The maximum range of a projectile is 22 m. When it is thrown at an angle of `15^(@)` with the horizontal, its range will be-

To solve the problem of finding the range of a projectile thrown at an angle of \(15^\circ\) with a maximum range of \(22\) m, we can follow these steps: ### Step 1: Understand the formula for the range of a projectile The range \(R\) of a projectile launched with an initial velocity \(u\) at an angle \(\theta\) is given by the formula: \[ R = \frac{u^2 \sin(2\theta)}{g} \] where \(g\) is the acceleration due to gravity. ### Step 2: Determine the maximum range From the problem, we know that the maximum range \(R_{max}\) is \(22\) m.
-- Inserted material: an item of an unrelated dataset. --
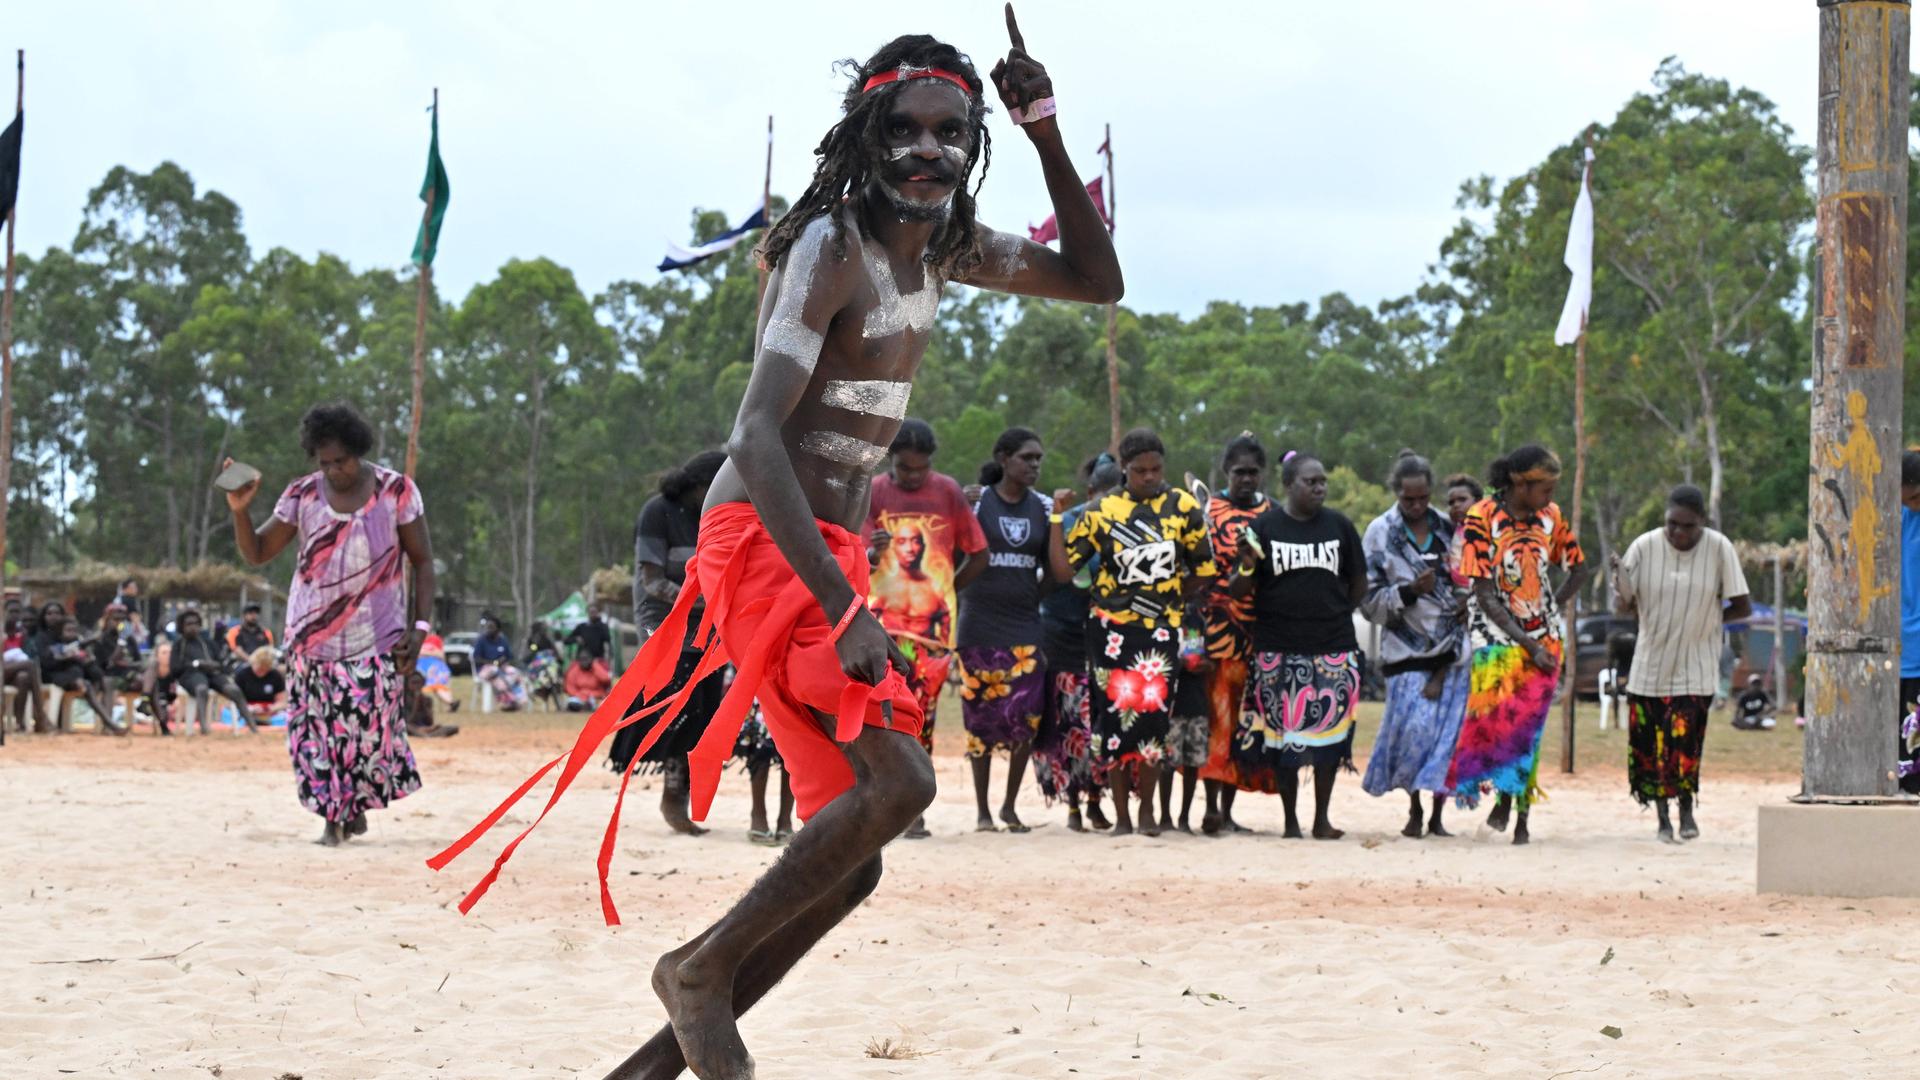 Ein bemalter Mann tanzt in rotem Rock auf einer Sandfläche, im Hintergrund Aboriginee-Frauen.

The maximum range occurs at an angle of \(45^\circ\). Therefore, we can express the maximum range as: \[ R_{max} = \frac{u^2}{g} \] Setting this equal to \(22\) m gives us: \[ \frac{u^2}{g} = 22 \] ### Step 3: Calculate the range at \(15^\circ\) Now, we need to find the range when the projectile is launched at an angle of \(15^\circ\). We can use the range formula: \[ R = \frac{u^2 \sin(2 \times 15^\circ)}{g} \] Calculating \(2 \times 15^\circ\): \[ 2 \times 15^\circ = 30^\circ \] Now, we know that \(\sin(30^\circ) = \frac{1}{2}\). Thus, we can substitute this value into the range formula: \[ R = \frac{u^2 \cdot \frac{1}{2}}{g} \] ### Step 4: Substitute \(u^2/g\) from the maximum range From Step 2, we have \(u^2/g = 22\). Substituting this into our equation gives: \[ R = \frac{22 \cdot \frac{1}{2}}{1} = 11 \text{ m} \] ### Conclusion The range of the projectile when thrown at an angle of \(15^\circ\) is \(11\) m.